→ WHAT IS BEING ASKED: Please repeat the lines below exactly. Begin with the line containing "Supreme Coke Girl" and go on through the line containing "image relating to".

→ MATERIAL TO PROCESS:
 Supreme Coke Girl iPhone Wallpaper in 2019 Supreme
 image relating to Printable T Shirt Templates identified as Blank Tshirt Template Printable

---

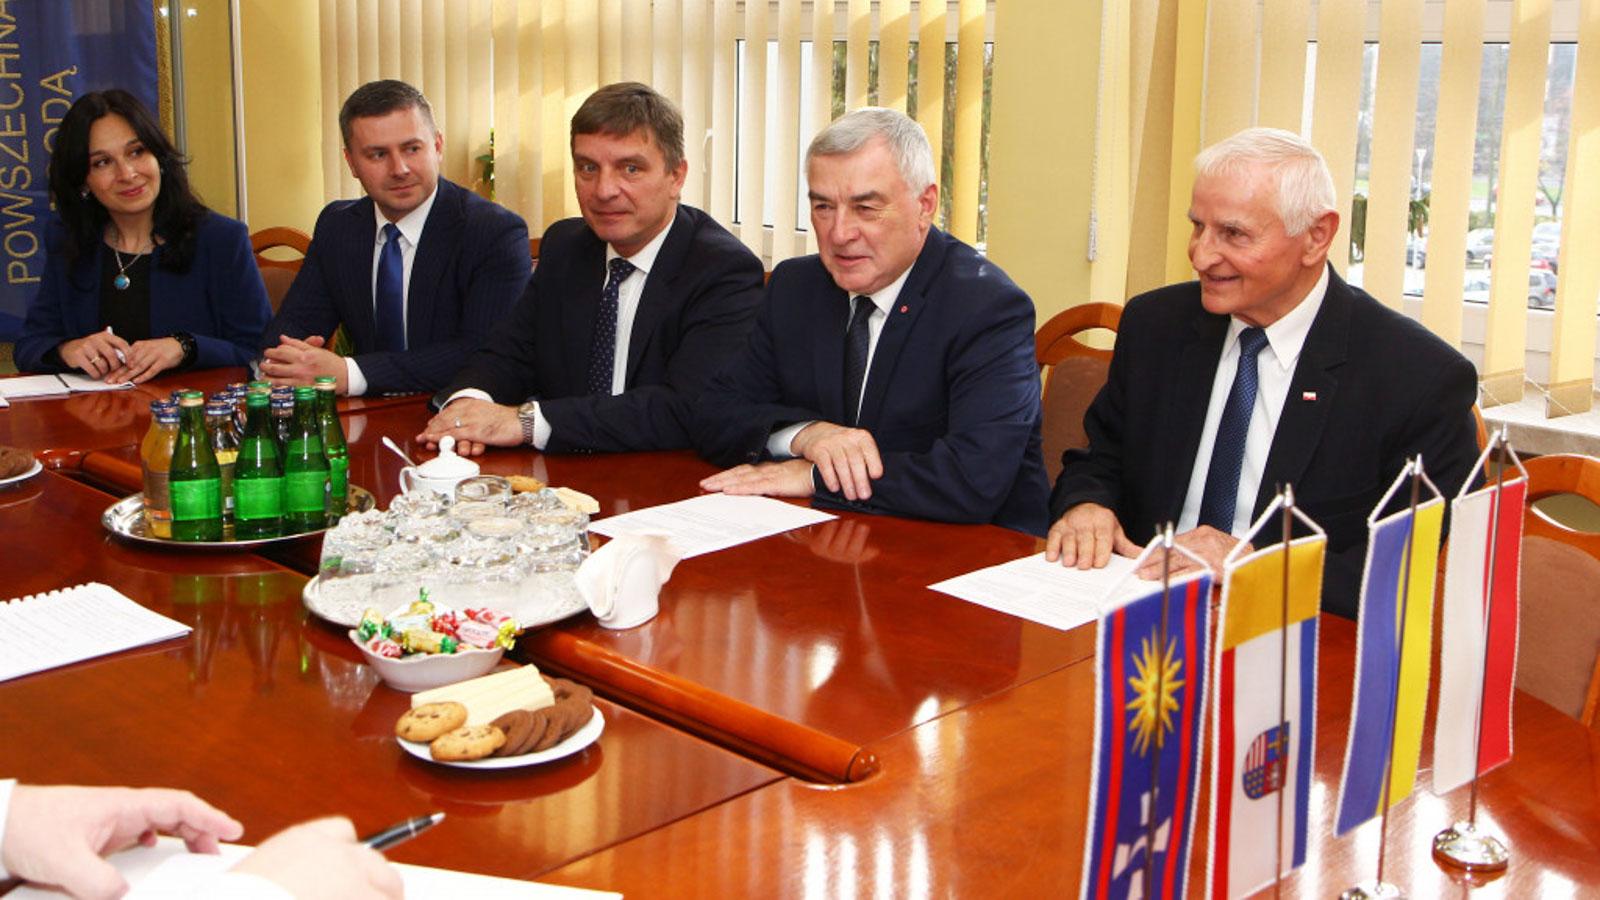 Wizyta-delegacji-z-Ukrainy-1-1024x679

→ TASK RESPONSE:
 Supreme Coke Girl iPhone Wallpaper in 2019 Supreme
 image relating to Printable T Shirt Templates identified as Blank Tshirt Template Printable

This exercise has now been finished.